2. Find the general solution of Hermite’s differential equation. 3.
Solution:
The differential equation \(\frac{d^2 y}{d x^2}-2 x \frac{d y}{d x}+2 \lambda y=0\), where \(\lambda\) is a constant, is called Hermite’s differential equation.

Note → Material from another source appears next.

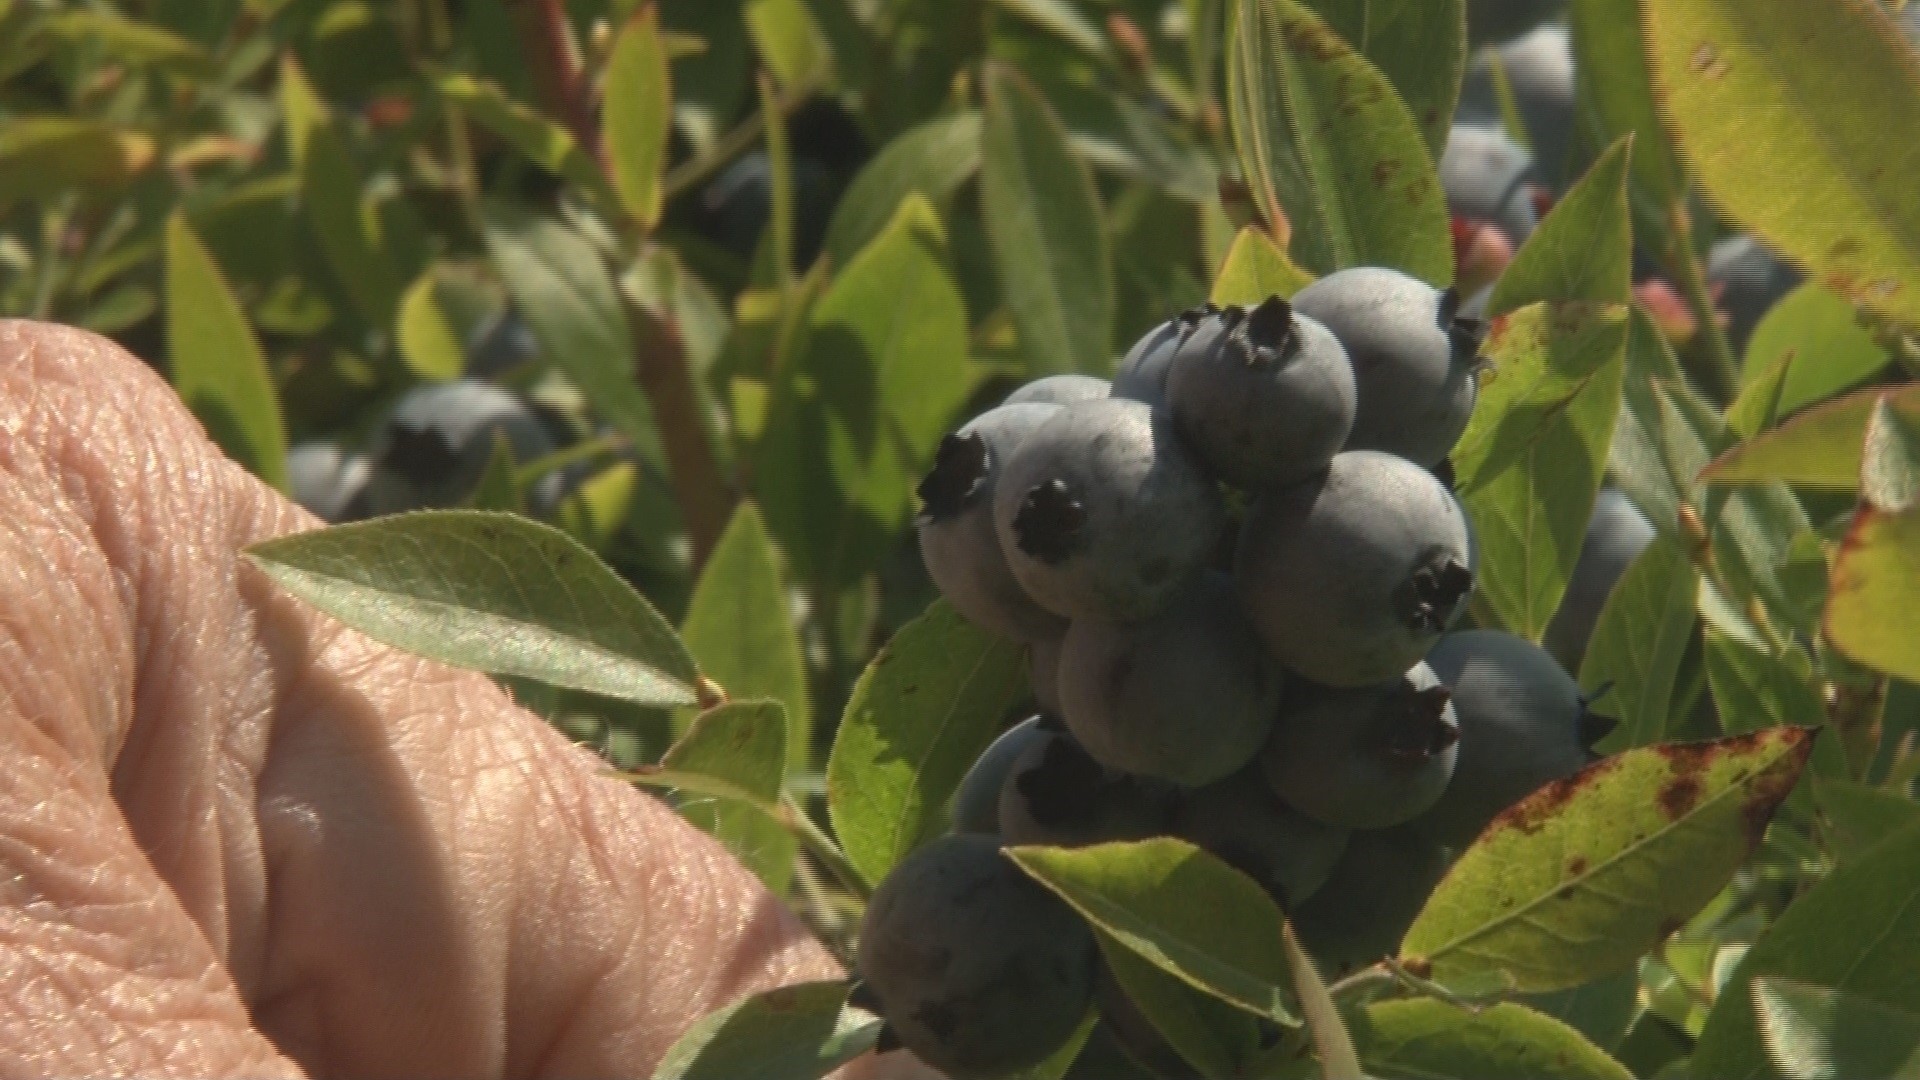 One wild blueberry farm in Pittston lost about 75 to 80 percent of its crop.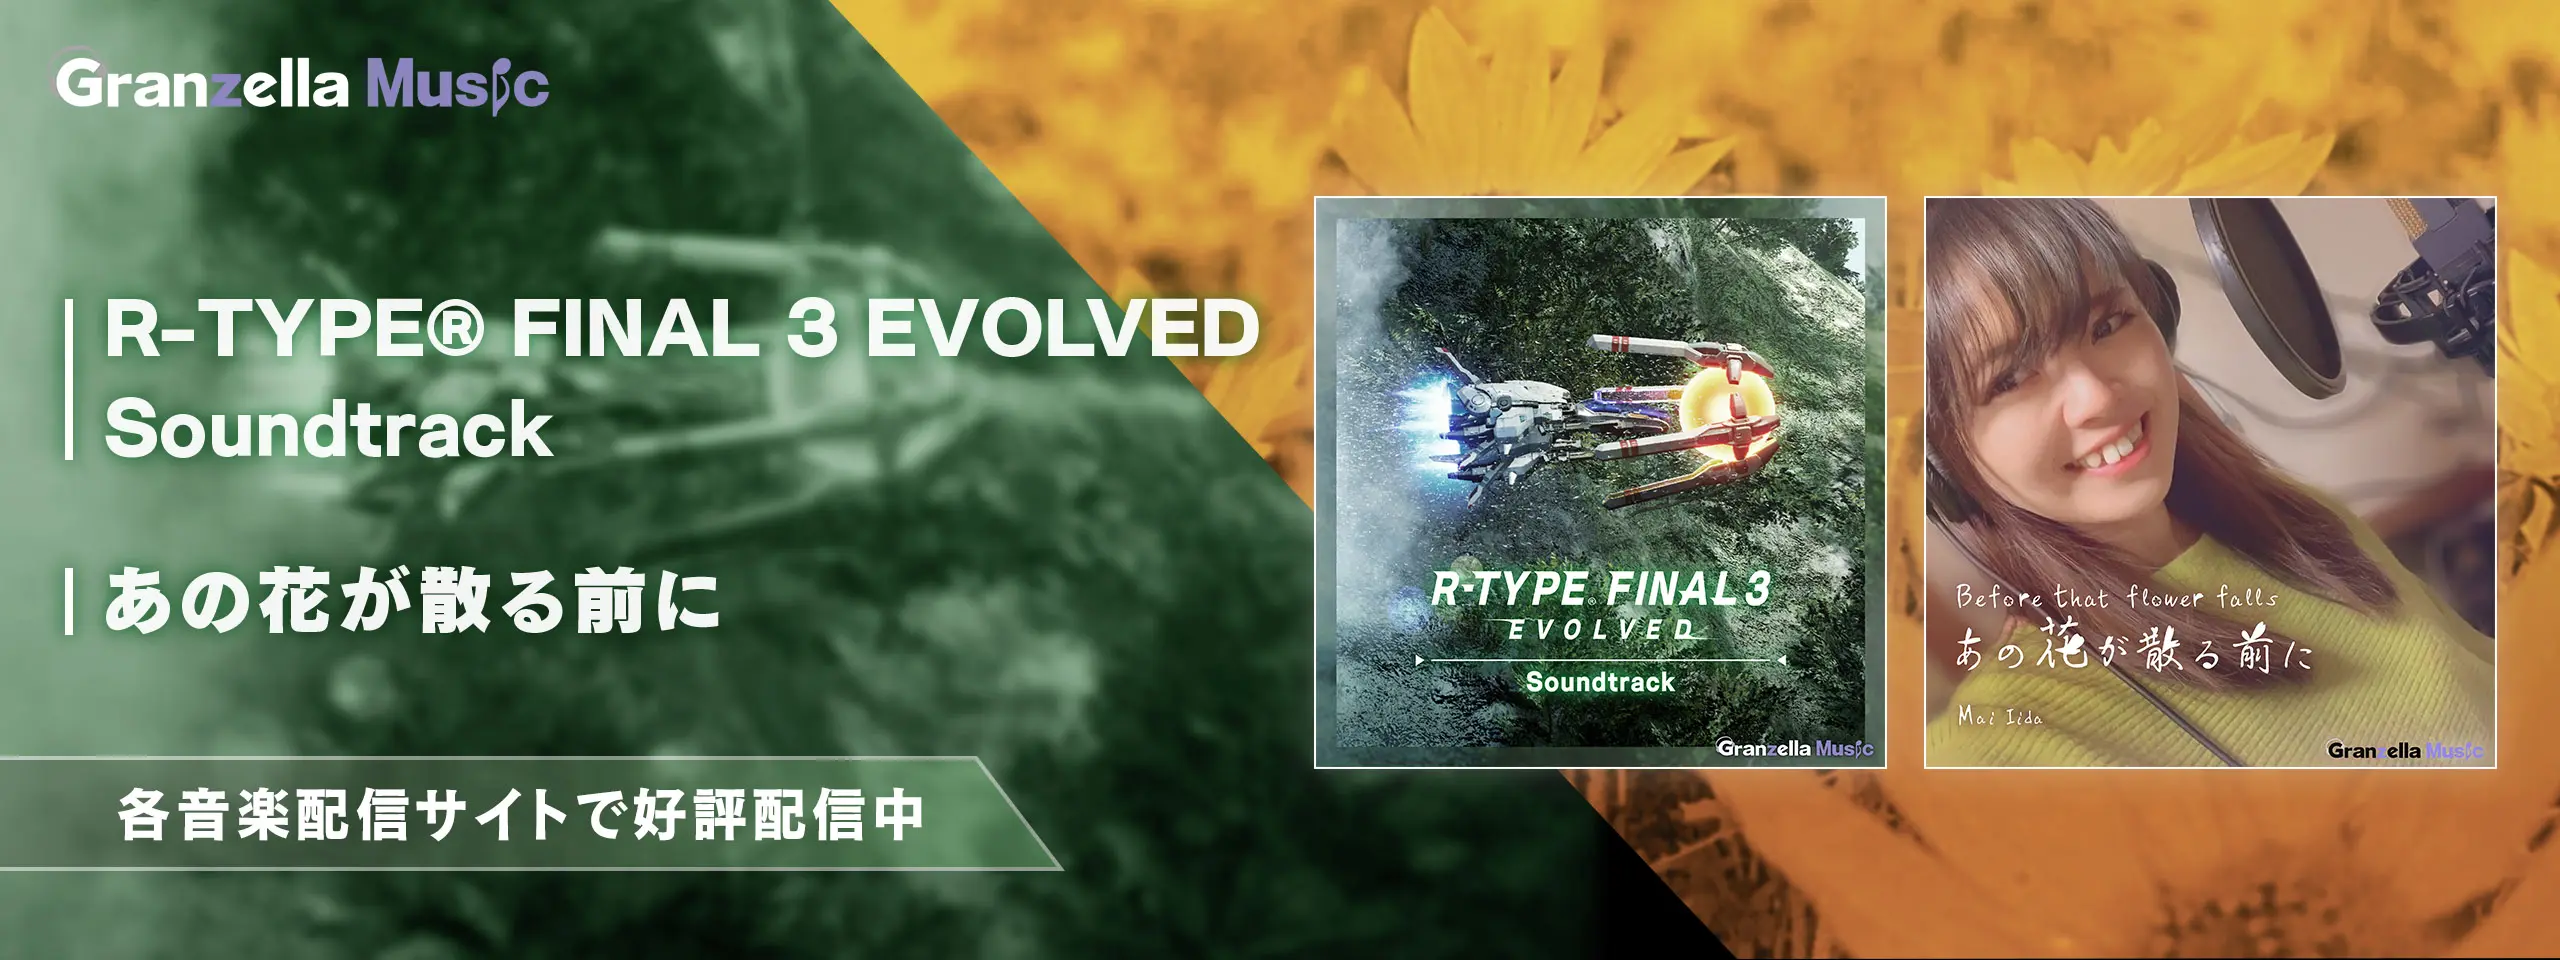 R-TYPE FINAL3 EVOLVED Soundtrack あの花が散る前に

The Hermite’s equation \(\frac{d^2 y}{d x^2}-2 x \frac{d y}{d x}+2 \lambda y=0 \rightarrow\) (1) is solved by series integration
Let us assume \(y=\sum_{n=0}^{\infty} a_n x^n \rightarrow\) (2) as the solution of the given equation (1)
∴ \(\frac{d y}{d x}=\sum_{n=1}^{\infty} n a_n x^{n-1}\) and\(\frac{d^2 y}{d x^2}=\sum_{n=2}^{\infty} n(n-1) a_n x^{n-2}\)
Substituting these in (1), we have \(\sum_{n=2}^{\infty} n(n-1) a_n x^{n-2}-2 x\left(\sum_{n=1}^{\infty} n a_n x^{n-1}\right)+2 \lambda\left(\sum_{n=0}^{\infty} a_n x^n\right)=0\)
⇒ \(\sum_{n=2}^{\infty} n(n-1) a_n x^{n-2}-\sum_{n=1}^{\infty} 2 n a_n x^n+\sum_{n=0}^{\infty} 2 \lambda a_n x^n=0\)
⇒ \(\sum_{n=0}^{\infty}(n+2)(n+1) a_{n+2} x^n-\sum_{n=1}^{\infty} 2 n a_n x^n+\sum_{n=0}^{\infty} 2 \lambda a_n x^n=0\)
⇒ \(\left(2 a_2+2 \lambda a_0\right)+\sum_{n=0}^{\infty}\left[(n+2)(n+1) a_{n+2}-2 n a_n+2 \lambda a_n\right] x^n=0 \rightarrow \text { (3) }\)
Now (3) being an identity. we can equate to zero the coefficients of various powers of x .
∴ We get \(2 a_2+2 \lambda a_0=0 \Rightarrow a_2=-\lambda a_0 \rightarrow \text { (4) }\)
(n+2)(n+1) \(a_{n+2}-2 n a_n+2 \lambda a_n=0 \Rightarrow(n+2)(n+1) a_{n+2}=(2 n-2 \lambda) a_n \rightarrow \text { (5) }\)
Putting \(n=1,2,3, \cdots\) in (5), we have
6 \(a_3=(2-2 \lambda) a_1 \Rightarrow a_3=-2(\lambda-1) \frac{a_1}{3!}\)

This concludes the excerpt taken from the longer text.